Just when you think 65’s blandness can’t get any more obvious, it pulls off its biggest trick… it makes “Space weapons vs. Dinosaurs” into the most boring thing possible. There’s maybe one scene where the space weapons are even being used against the dinosaurs and it might as well just be a regular-looking gun. There’s nothing big or fun or bombastic going on, nothing that would require this to be about a guy from another planet crashing on Earth, no reason for the big enemy to be dinosaurs, absolutely nothing! There are so many potentially cool ideas here that should make for a fun, silly action film but they forgot to actually include the ‘fun’ part.
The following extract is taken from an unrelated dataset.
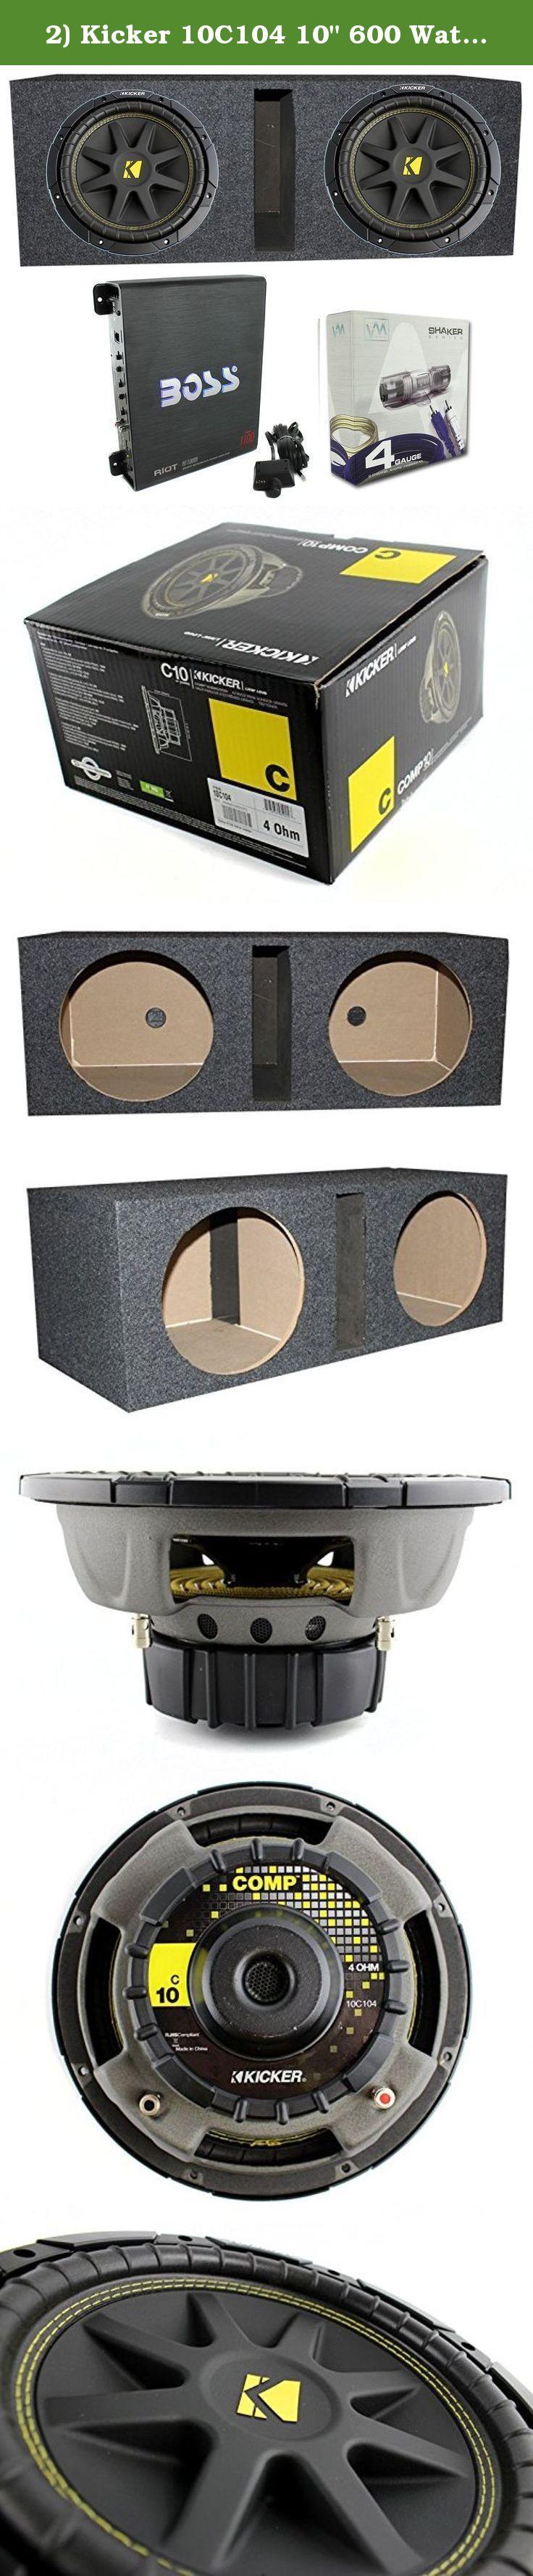 2 Kicker 10c104 10 600 Watt Car Subwoofers Box 1100w A Wiring Kits For Subs Amplifier
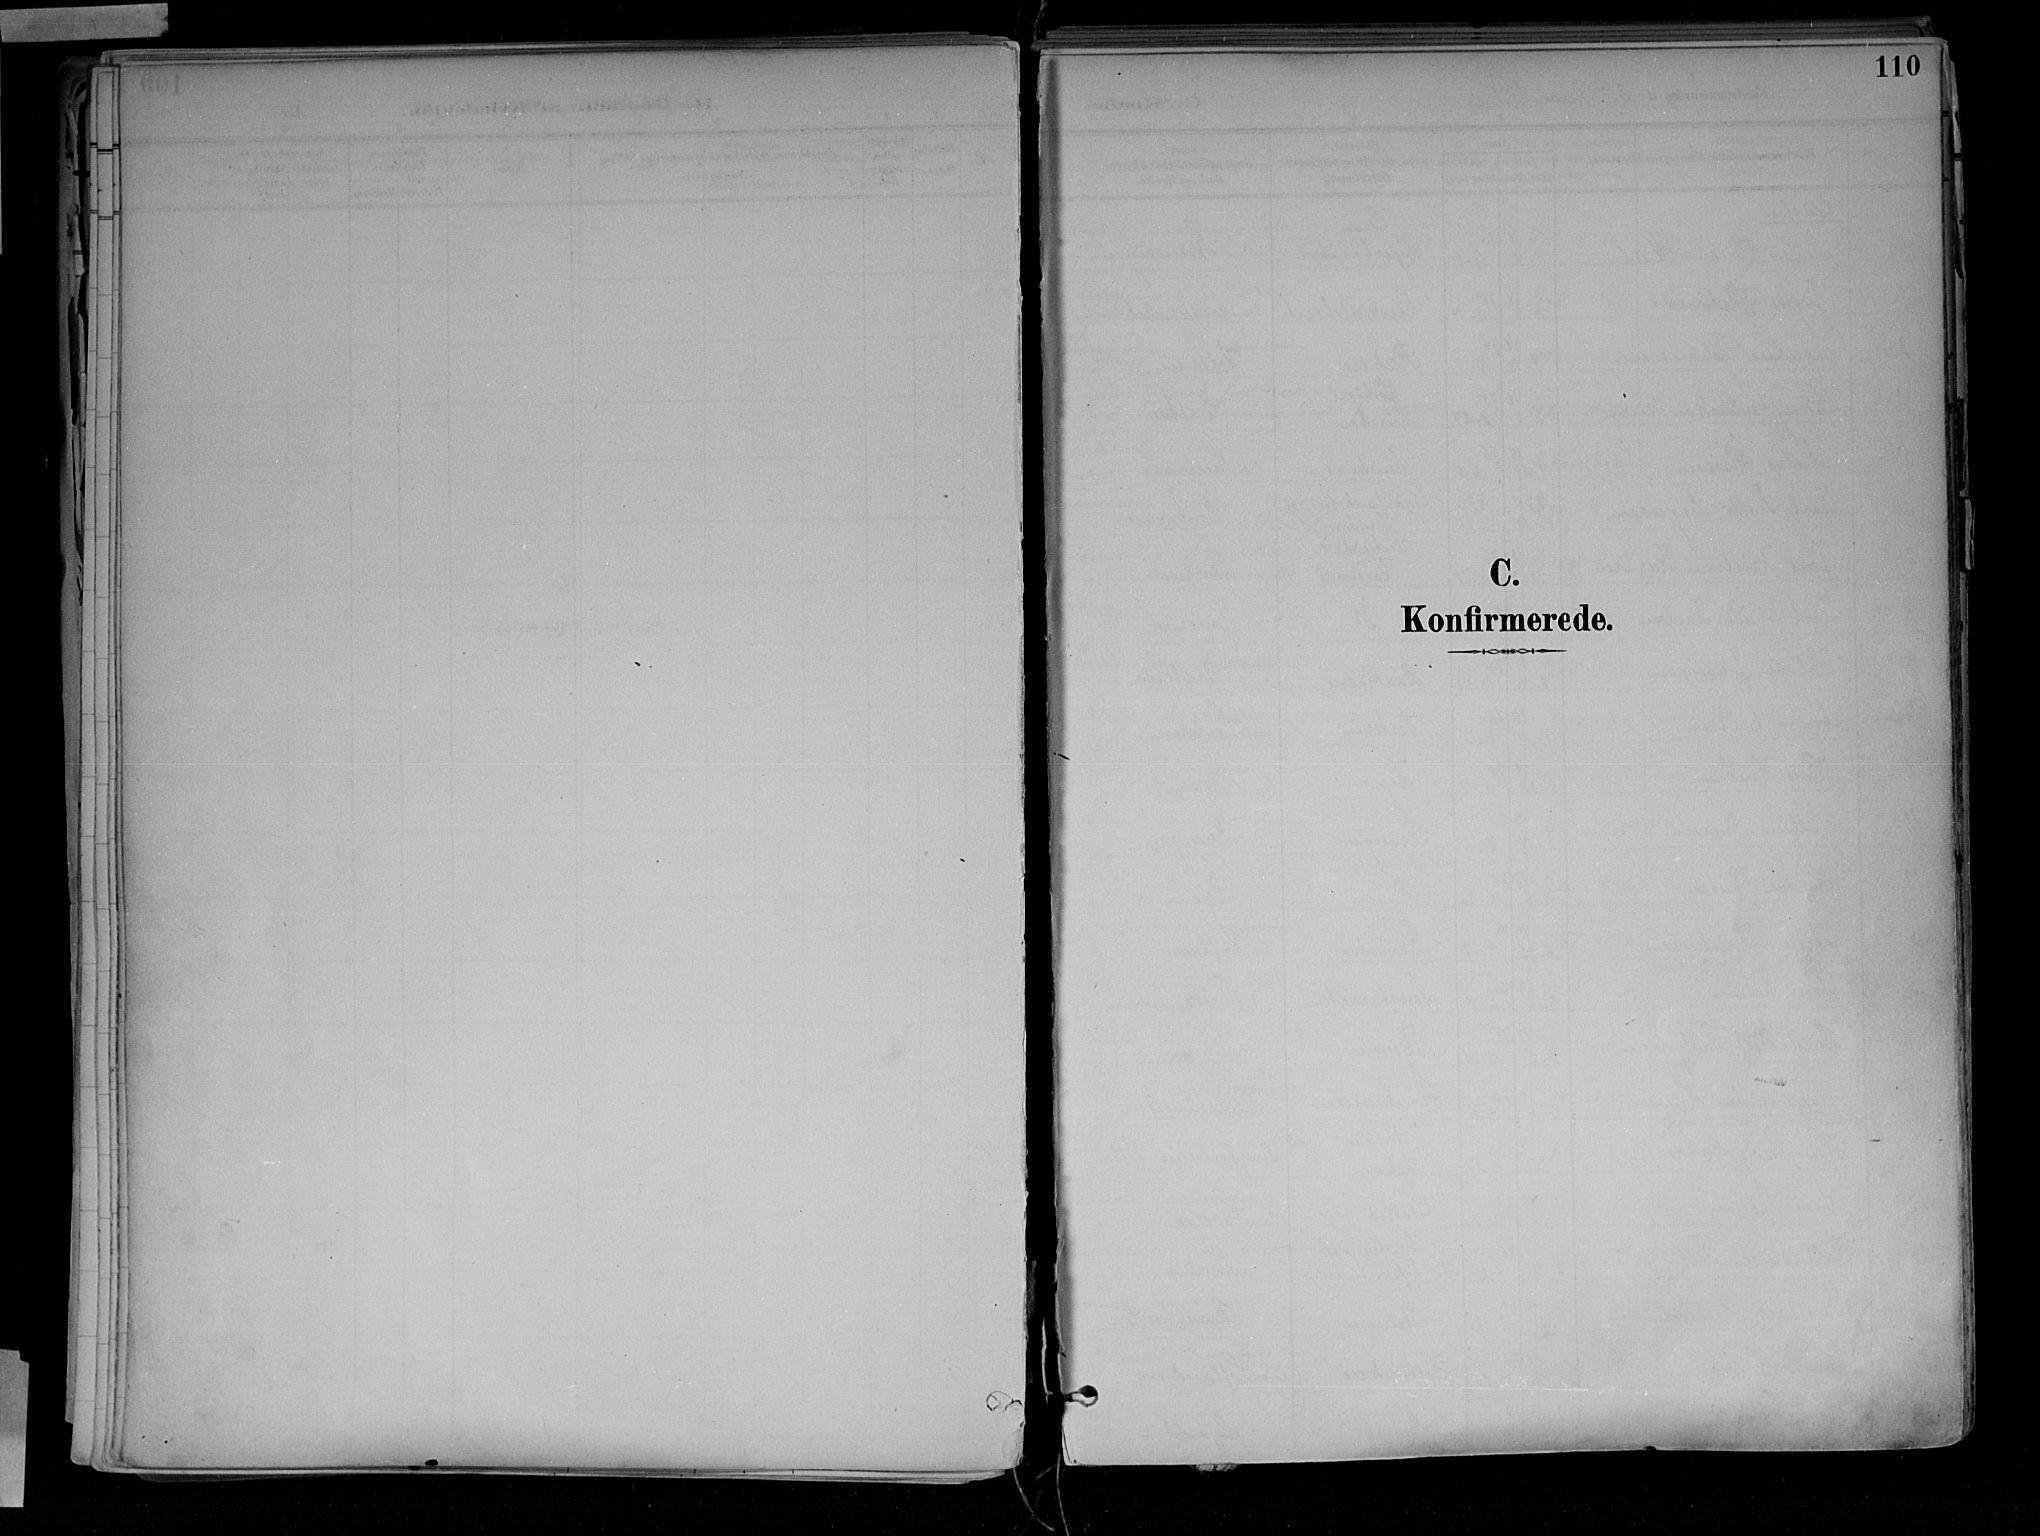 SAH, Jevnaker prestekontor, Ministerialbok nr. 10, 1891-1906, s. 110

65 just kind of exists, going through the bare-bones plot of something that clearly wants to be entertaining but somehow forgets to actually to the part where they entertain. It’s the kind of film that you forget you’re watching while it’s still playing, it gives the audience nothing to work with and doesn’t seem to even try and do anything interesting. What should’ve been an easy fun time turned into an hour and a half of absolute waste with nothing to show for it at the end. It’s not even actively bad, it’s not actively anything and that’s probably even worse than if it was just a bad film. I’ll take bad over boring any damn day.